Anyway, for the rest of my outfit I'd chosen a blackened armored vest over a t-shirt, khaki cargo pants that had seen better days, and well-worn low-top work boots. I wanted to blend in with the local function-before-fashion mindset, giving anyone that saw me the impression I was just another scoundrel who wasn't afraid of a little hard work looking to get in on the big bucks to be made working the mines.

Or the bigger bucks to be made running ore out-system to unapproved buyers.

See, it's like this: minzite ore is so crucial to the functioning of our space-faring metaculture that one of my forward-thinking ancestor Emperors decided to tax the hell out of it. The rates are high enough when it's being sold within the empire, and truly exorbitant when anyone from outside wants any.

So while it's an accepted fact that some smuggling is unavoidable, there are all kinds of checks and regulations in place to try and keep the rate of it down to a minimum. The Imperial Trade Commission maintains an orbital facility here and has the right to board and inspect any vessel leaving the planet. Large commercial freighters are required to clear their cargo manifests with them before being given permission to depart, and smaller ships are subject to 'random' searches. To enforce their regulations the ITC maintains a squadron of starfighters and can, of course, call in the navy if necessary.

Yes, it had occurred to me that the sudden decline in reported ore production just might be related to an increase in illicit sales.

So, what was I going to do about it? Why, get in on the action myself, of course.

And where does any would-be smuggler worth his salt go to get the low-down on the local business opportunities?
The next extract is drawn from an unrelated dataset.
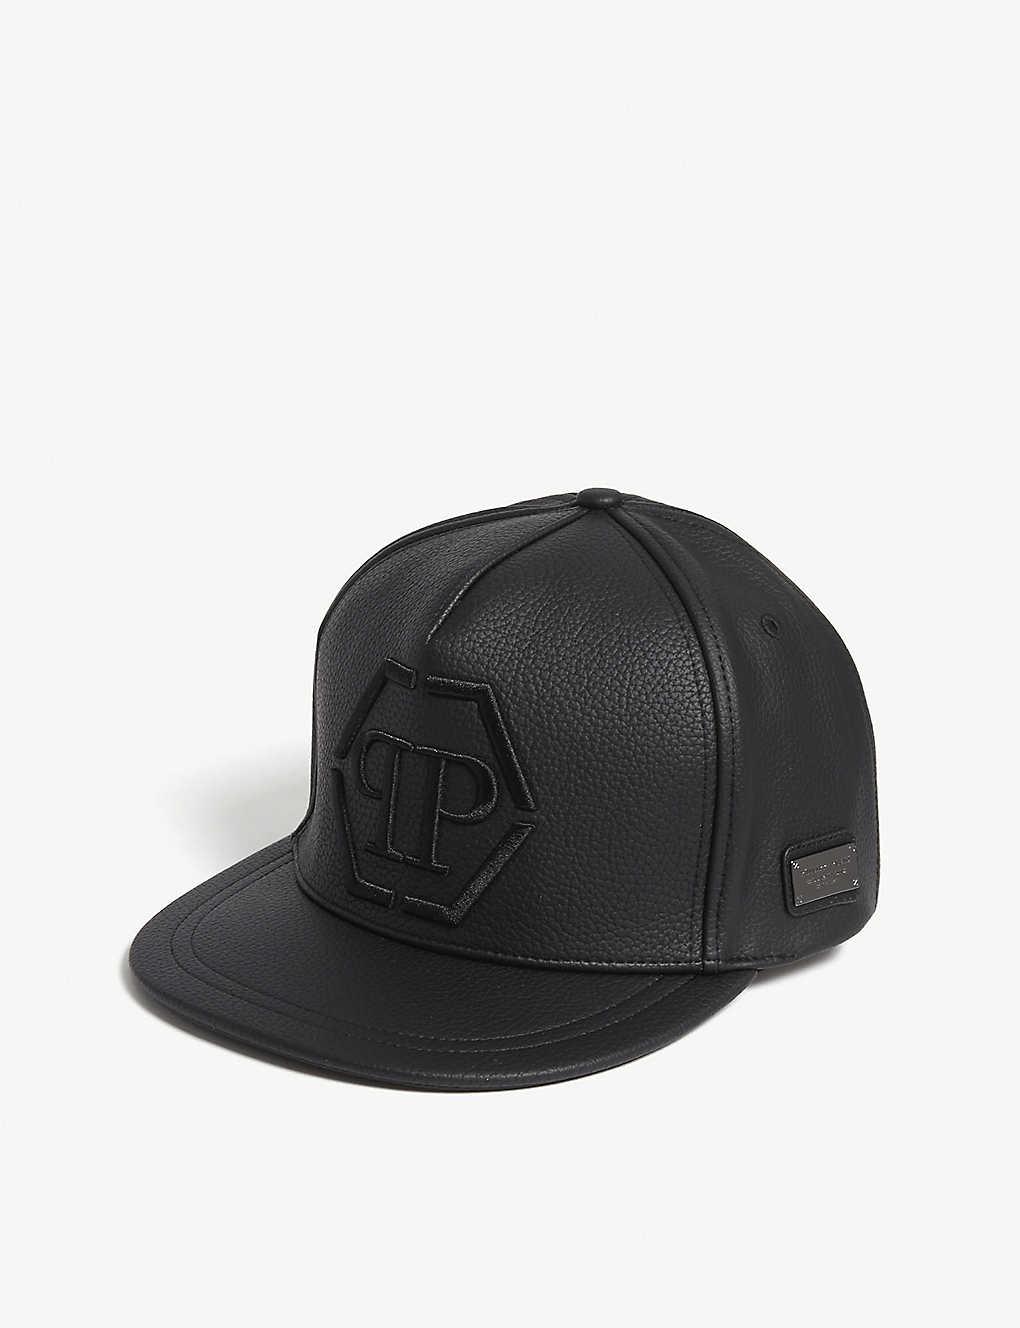 7c50a0d275c8 PHILIPP PLEIN - Tony logo faux-leather strapback cap

Where else but the to the saloons?

That's right - Herrig's World is so much like the Old West of ancient Earth in the minds of its inhabitants that the bars-slash-casinos are called saloons here. They might not have bat-wing doors opening off a raised wooden boardwalk, and there aren't brass spittoons surrounded by stinking globs of tobacco spit, but I'd bet if someone zapped a gunslinger from old Dodge City to here, he'd feel right at home.
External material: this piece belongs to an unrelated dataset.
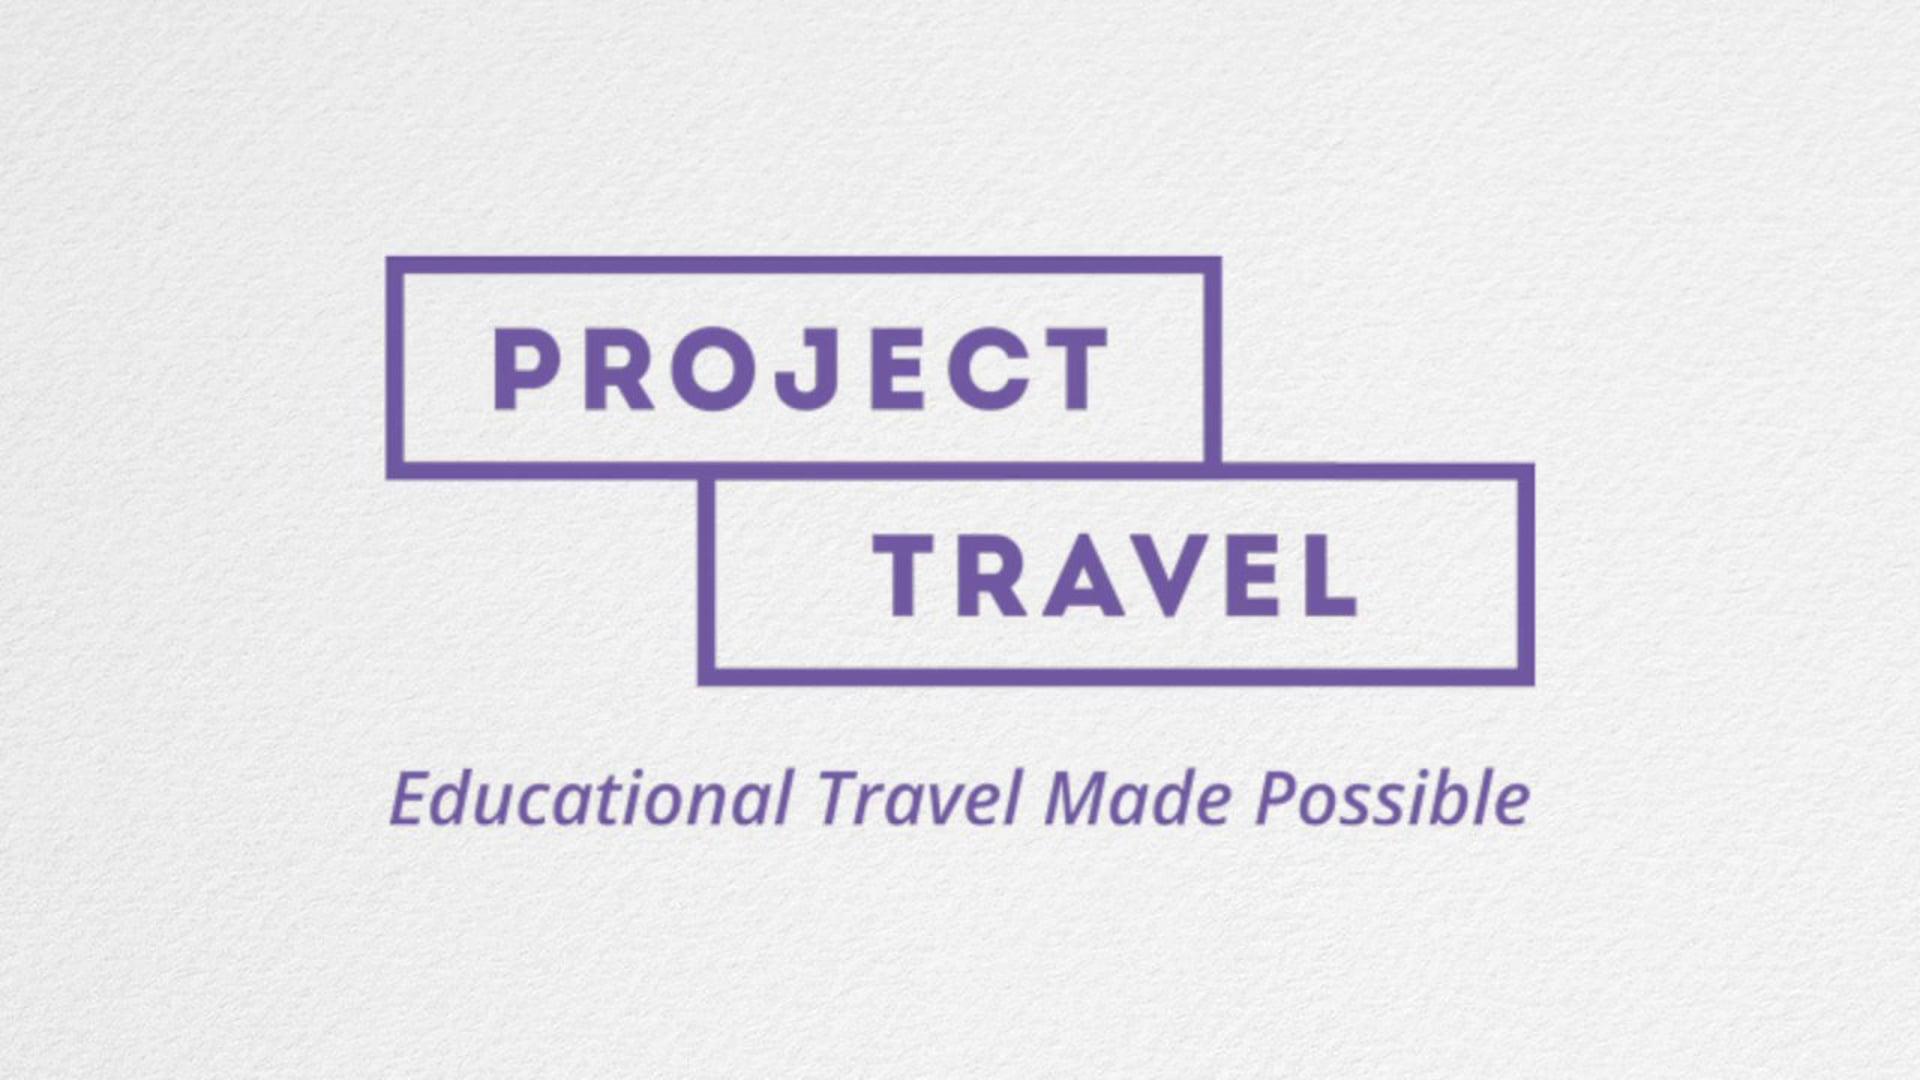 Project Travel - Online Promo Spot

I know I certainly did. I made for one of the larger ones.

The early-afternoon clientele - I hesitate to use the word 'crowd' to describe at most 20 patrons in a place that could easily hold ten times that many - of the Crooked Shaft was mainly men who had the look of unemployed-but-hopeful potential miners. There were a couple of women included in this mix, too, once I took a better look around; ladies they would never be called. The real 'working ladies' would show up about the same time the miner's work shift ended, I was sure. And then there were the three or four - one I couldn't be sure of - professional gamblers that were inevitably attracted to places like Herrig's that offered good pay to not-so-good men.

They were just who I was looking for.

My first stop was at the bar, of course, since everyone knows that a newcomer who doesn't check in with the bartender first has no business being in a place like this. It still being rather early, I asked for a cup of coffee. The price was, as expected, quite high, but I didn't quibble. I certainly didn't want to come off as a guy who couldn't afford to spend a few credits.

The man behind the bar looked like he might have been a minzite miner in his day. Of medium height and stocky build, his scar-covered bald head and bloodshot eyes told a tale of a hard life that was only accented further by the cybernetic right arm with which he handed me my coffee. He sounded friendly enough, though, when he asked me if I was new to Herrig's.

I couldn't deny it, not that I wanted to. "That's right. Just set down today, in fact," I told him.

He looked me up and down with the appraising eye of someone who knows what to look for. After a few moments of this silent scrutiny he told me, "You might just have it in you to make a go of it here."

I thanked him, not sure what I might have said if I hadn't measured up to his standards.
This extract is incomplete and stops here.